I illustrated this simple little railway shed in 1987 because it's one of thousands across the country, all the same, all designed to the formula: 'keep it simple, keep it cheap'. In doing so, it's not only a nicely proportioned piece of work with a fine  example of good signwriting, it is also modest. 

In this case it's very, very modest because it marks one of the most notable railway engineering achievements in the world. The famous Raurimu Spiral, at a gradient of 1:52, through a series of loops, spirals, tunnels and bridges overcomes a height difference of 132 metres from bottom to top. What's more, it was built in 1898 and still works.

© DON DONOVAN
donovan@ihug.co.nz

24 March 2011

'New Zealand Odyssey', published in 1989 by Heinemann, was authored by me, Don Donovan (who did the text and illustrations) and Euan Sarginson, who did the photography and design. In this series of blog posts, I will publish some of my drawings.



Before the ski-fields of Mt. Ruapehu were developed and commercialized, Ohakune was a slumbering hamlet famous for growing carrots and other market gardening. Then came ski-ing, then came aprés ski and the need for entertainment at the end of the day. When,in 1987, I saw this so-called night club housed in an obviously pre-ski era clapboard building I couldn't help being amused at what looked like an attempt to create 'sin city' by some local entrepreneur; and I wondered what could possibly go on inside its ancient rooms!

Is it still there? I doubt it. The Ruapehu ski-ing industry has become as sophisticated as any in the world and if you want excitement in Ohakune these days you'll probably not find it at the Hot Lava Night Club.

© DON DONOVAN
donovan@ihug.co.nz

21 March 2011

New Zealand Odyssey: 'Ongarue', A Whanganui River Steamer, Pipiriki

'New Zealand Odyssey', published in 1989 by Heinemann, was authored by me, Don Donovan (who did the text and illustrations) and Euan Sarginson, who did the photography and design. In this series of blog posts, I will publish some of my drawings.
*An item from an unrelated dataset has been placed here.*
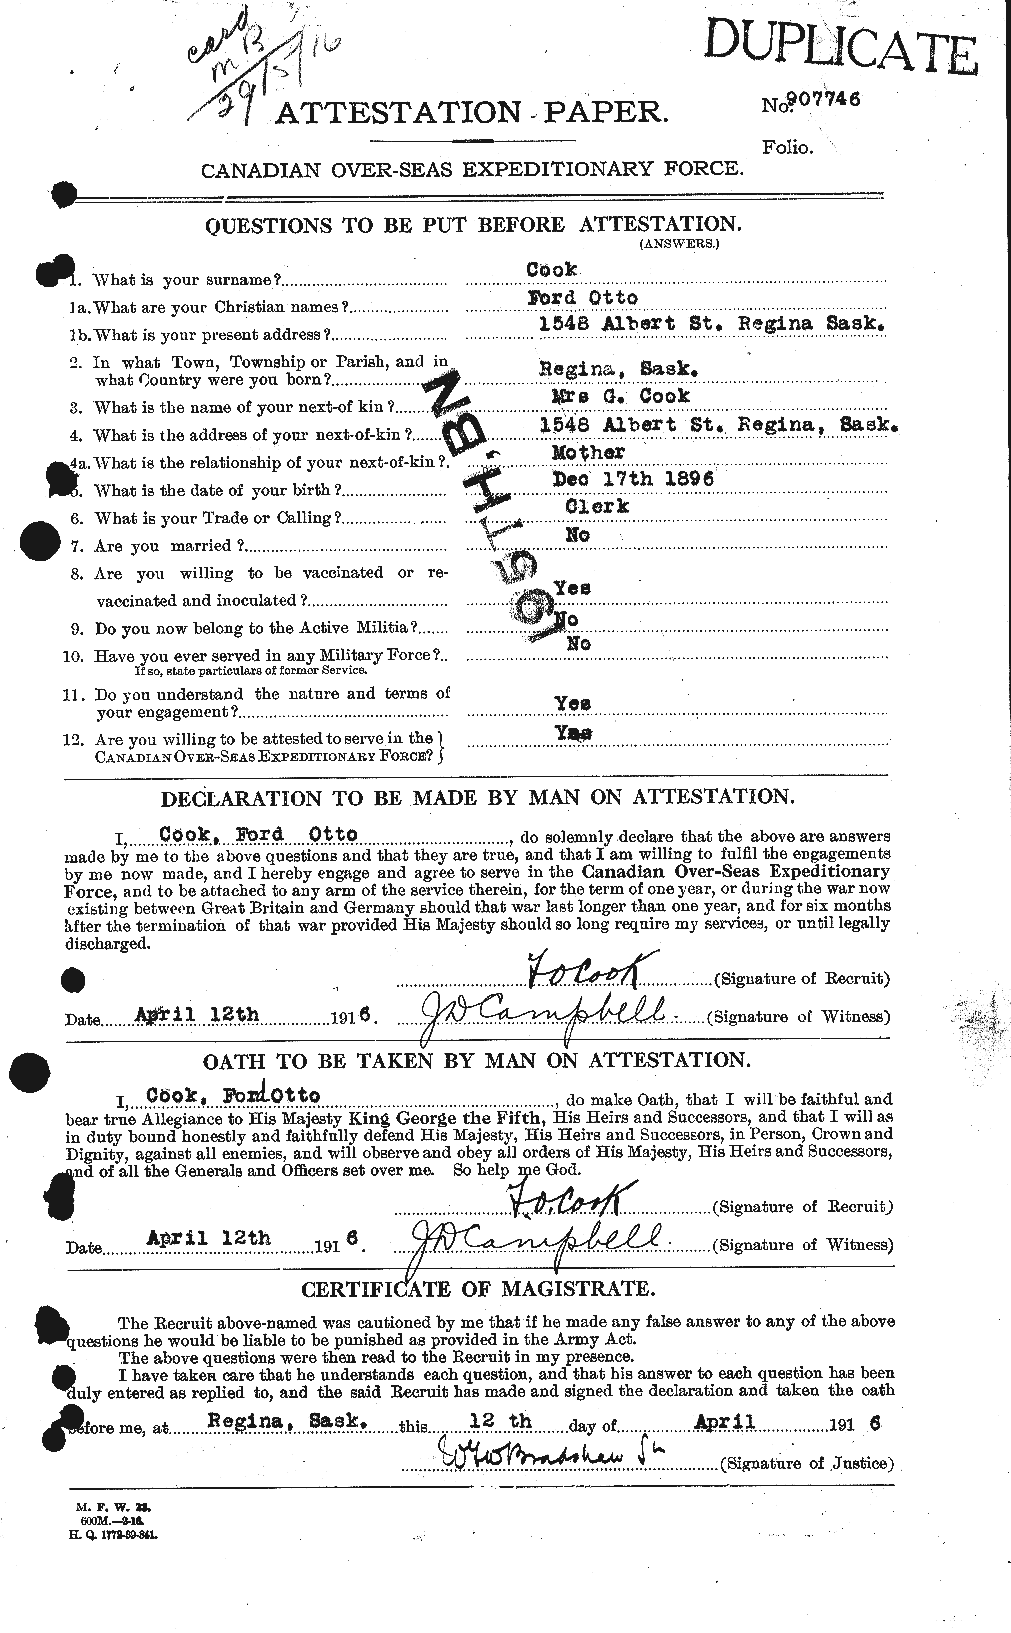 Dossiers du Personnel de la Première Guerre mondiale - CEC 073908a

This is the river steamer Ongarue that, with many others, used to carry passengers, tourists, livestock and freight from Wanganui to Pipiriki - a small town in the heart of the bush - up the serpentine Whanganui River. I found it on the bank at Pipiriki, chocked up as a memorial to the great days of river travel.

In 1987, when I did this drawing, the long road between the two towns, roughly following the course of the river, was narrow with a thousand bends and a surface like the moon. No wonder they used to travel by boat up this river whose history, both Maori and European has been as turbulent as some of its rapids above Pipiriki.

© DON DONOVAN
donovan@ihug.co.nz


20 March 2011

New Zealand Odyssey: The Ratana Church at Raetihi.
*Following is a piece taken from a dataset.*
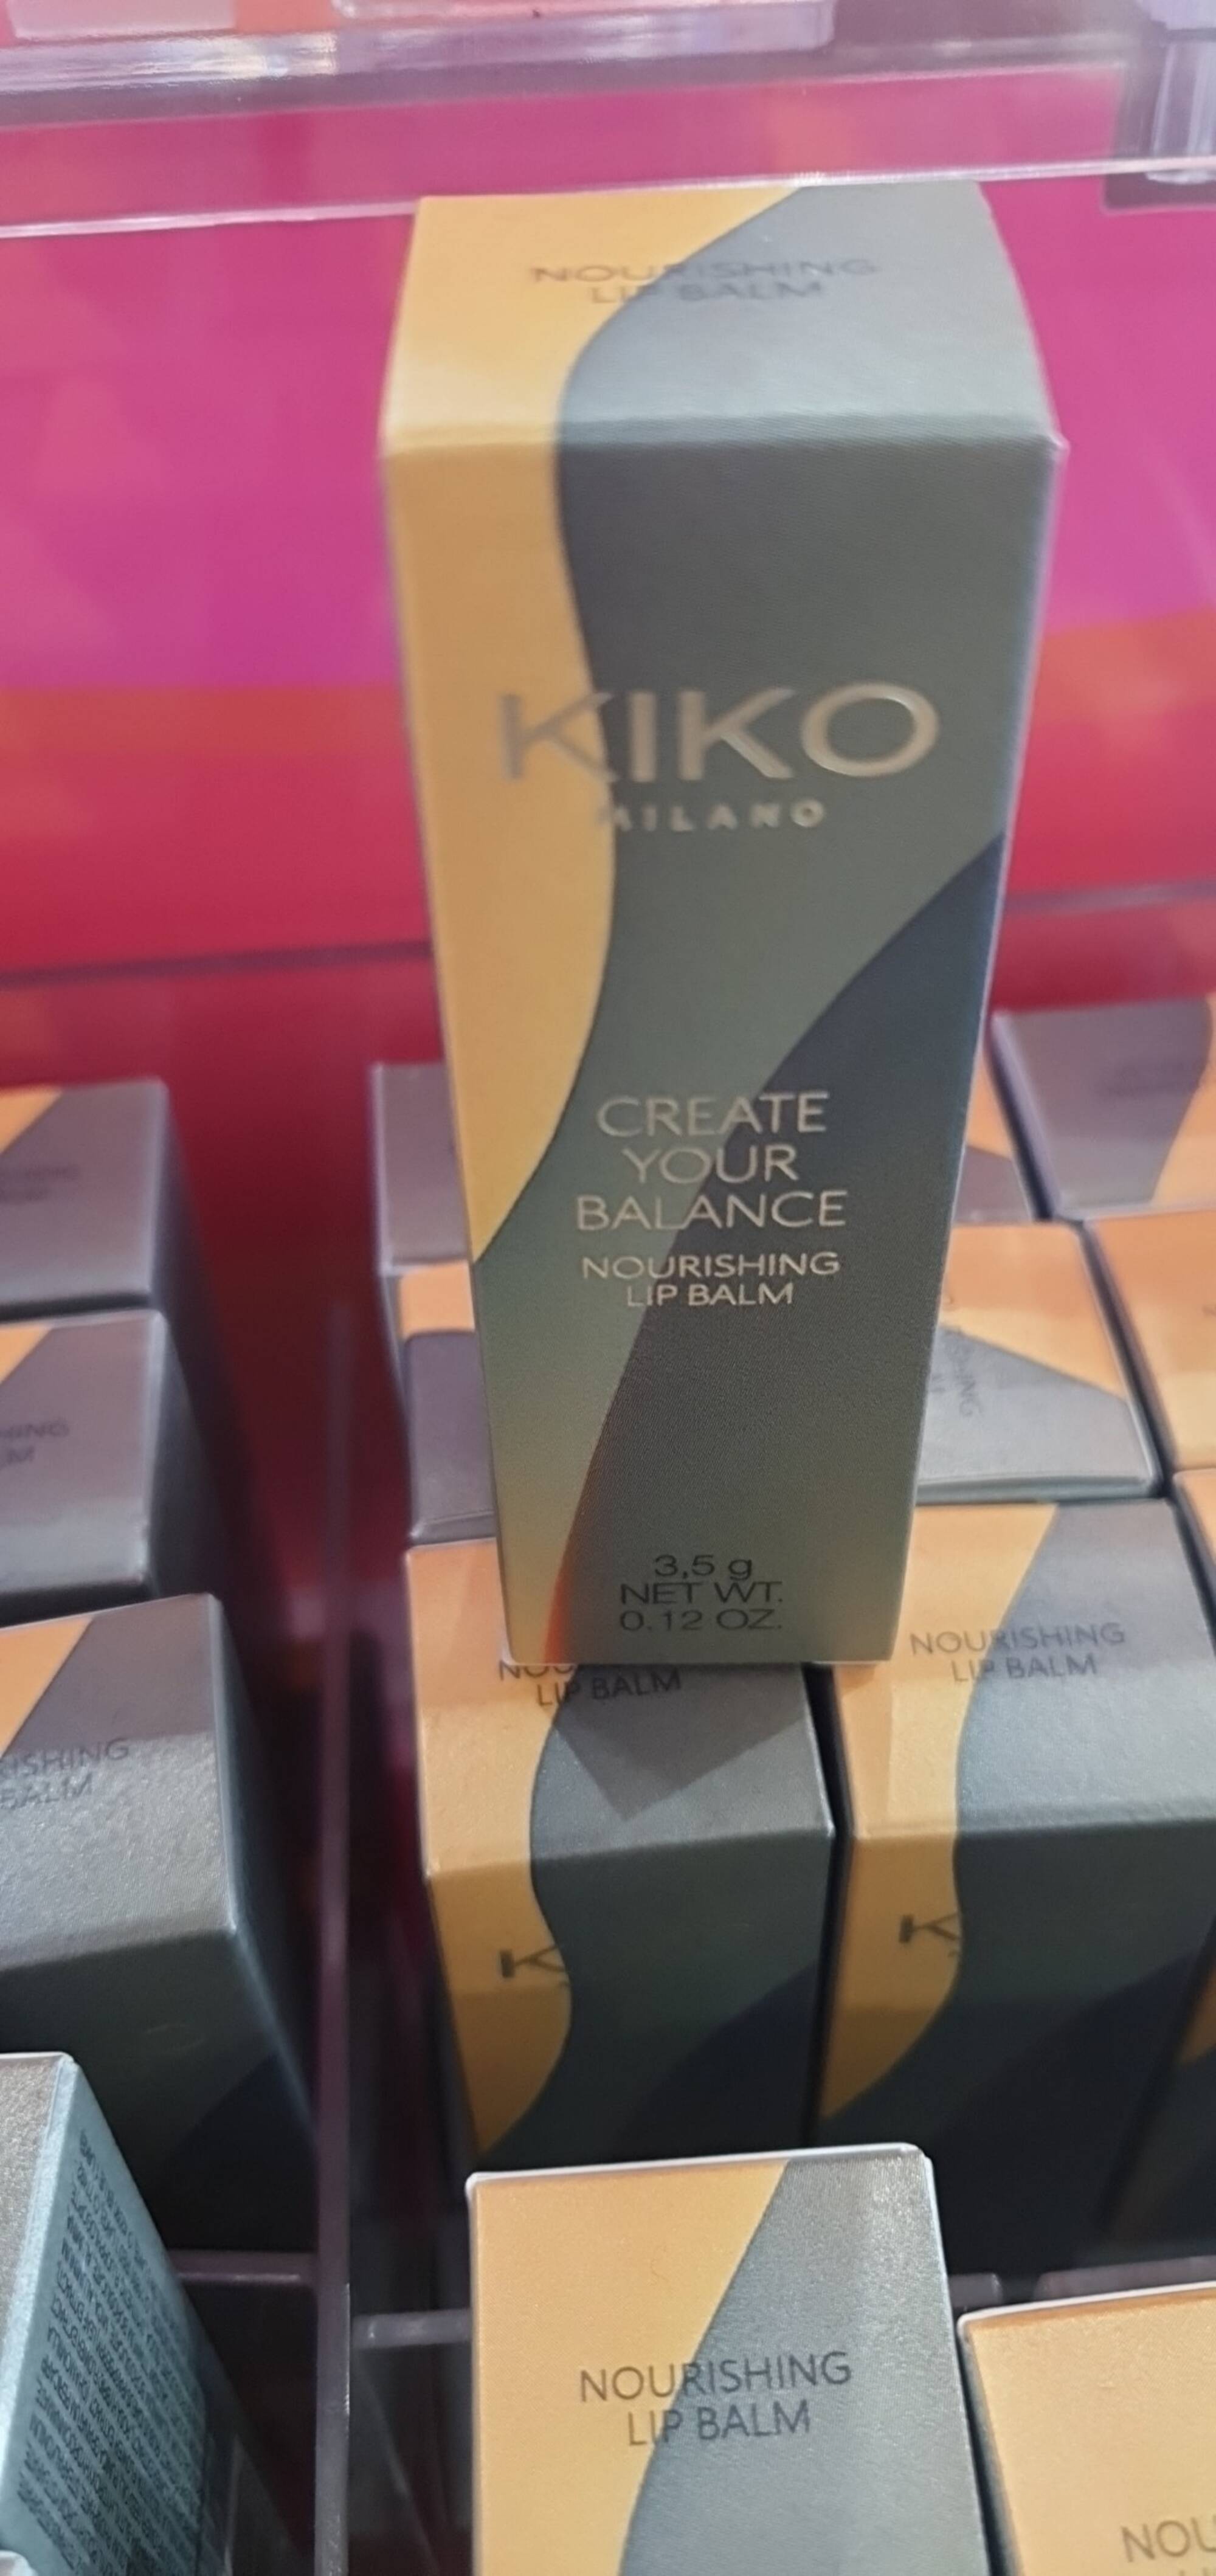 KIKO - Create your balance - Lip balm

'New Zealand Odyssey', published in 1989 by Heinemann, was authored by me, Don Donovan (who did the text and illustrations) and Euan Sarginson, who did the photography and design. In this series of blog posts, I will publish some of my drawings.
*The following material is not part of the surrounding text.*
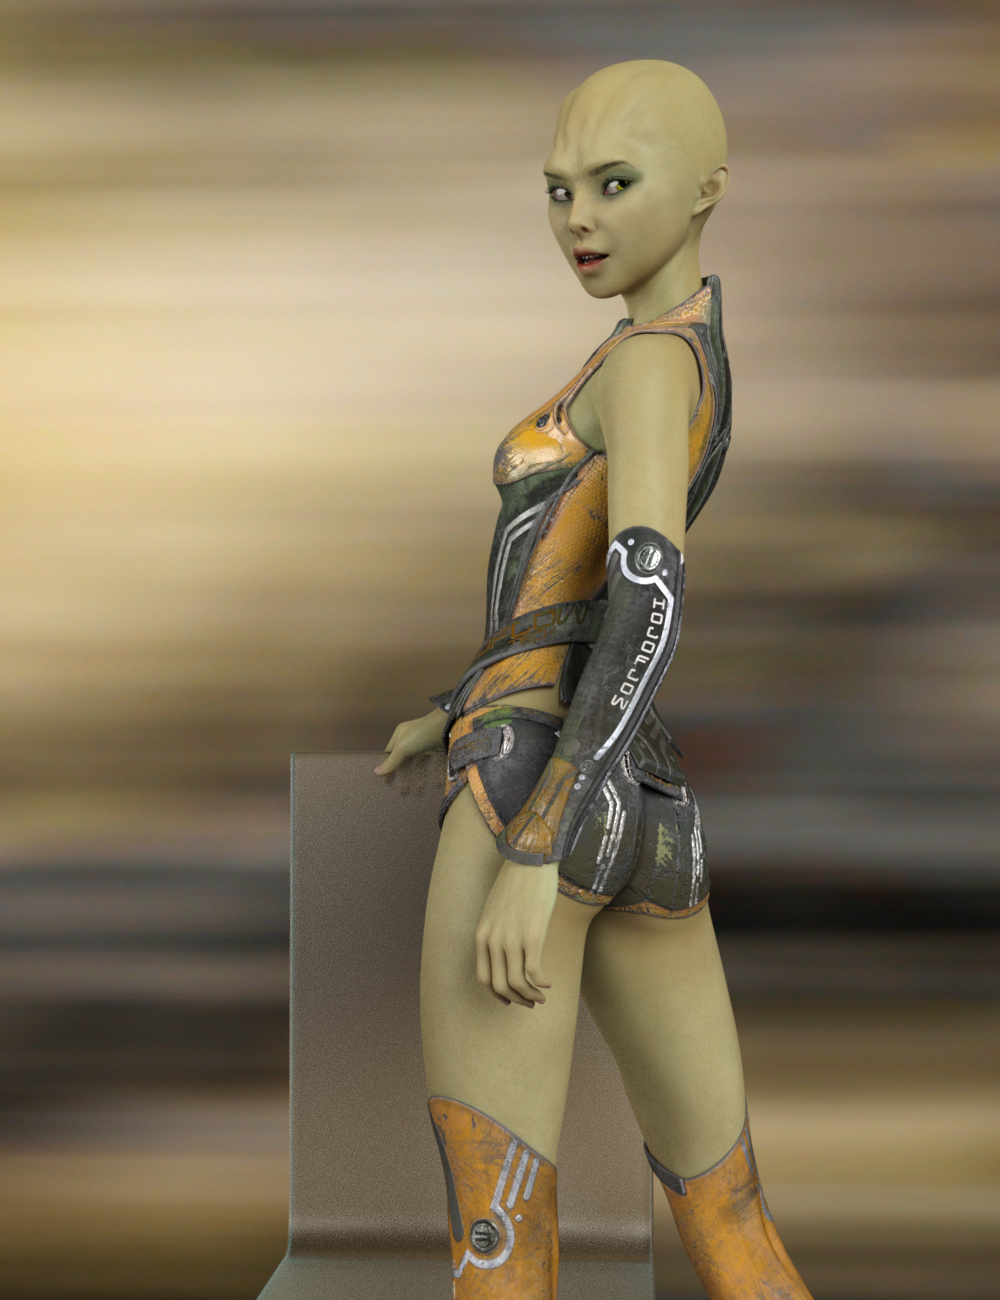 Kozue for Genesis 8 Female by: Warloc, 3D Models by Daz 3D

By rights this should be a photograph because the church was lassoed by sunlight against a stormy sky and while it's easy to dramatize art, photography, despite Photoshop, is closer to reality and therefore more believable.

The unique Ratana churches all have the twin tower feature. Their existence started in the late 1920s with Tahupotiki Wiremu Ratana, a Maori Methodist minister who had a vision that led him to proselytize to such effect that the Ratana faith is now so strong, politically, that New Zealand's politicians take it seriously enough to compete with each other to gain Ratana support.

© DON DONOVAN
donovan@ihug.co.nz

19 March 2011

New Zealand Odyssey: Greytown Borough Council building 1878. Wairarapa

'New Zealand Odyssey', published in 1989 by Heinemann, was authored by me, Don Donovan (who did the text and illustrations) and Euan Sarginson, who did the photography and design. In this series of blog posts, I will publish some of my drawings.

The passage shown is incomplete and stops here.